## Problem description
The data needs to be returned in full, exactly as it reads.
--- Exercise data Enclosed Below ---
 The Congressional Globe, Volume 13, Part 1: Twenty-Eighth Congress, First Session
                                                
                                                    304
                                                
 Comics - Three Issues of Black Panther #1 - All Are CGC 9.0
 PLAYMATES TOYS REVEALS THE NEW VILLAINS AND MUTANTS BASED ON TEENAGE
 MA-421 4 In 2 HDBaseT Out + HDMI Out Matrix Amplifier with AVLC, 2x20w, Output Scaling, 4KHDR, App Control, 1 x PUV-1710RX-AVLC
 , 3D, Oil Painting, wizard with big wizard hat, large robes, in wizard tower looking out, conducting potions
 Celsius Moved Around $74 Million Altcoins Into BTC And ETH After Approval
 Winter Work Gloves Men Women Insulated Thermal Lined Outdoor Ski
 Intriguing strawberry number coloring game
--- End of Enclosed Exercise data ---
## Answer space
 The Congressional Globe, Volume 13, Part 1: Twenty-Eighth Congress, First Session
                                                
                                                    304
                                                
 Comics - Three Issues of Black Panther #1 - All Are CGC 9.0
 PLAYMATES TOYS REVEALS THE NEW VILLAINS AND MUTANTS BASED ON TEENAGE
 MA-421 4 In 2 HDBaseT Out + HDMI Out Matrix Amplifier with AVLC, 2x20w, Output Scaling, 4KHDR, App Control, 1 x PUV-1710RX-AVLC
 , 3D, Oil Painting, wizard with big wizard hat, large robes, in wizard tower looking out, conducting potions
 Celsius Moved Around $74 Million Altcoins Into BTC And ETH After Approval
 Winter Work Gloves Men Women Insulated Thermal Lined Outdoor Ski
 Intriguing strawberry number coloring game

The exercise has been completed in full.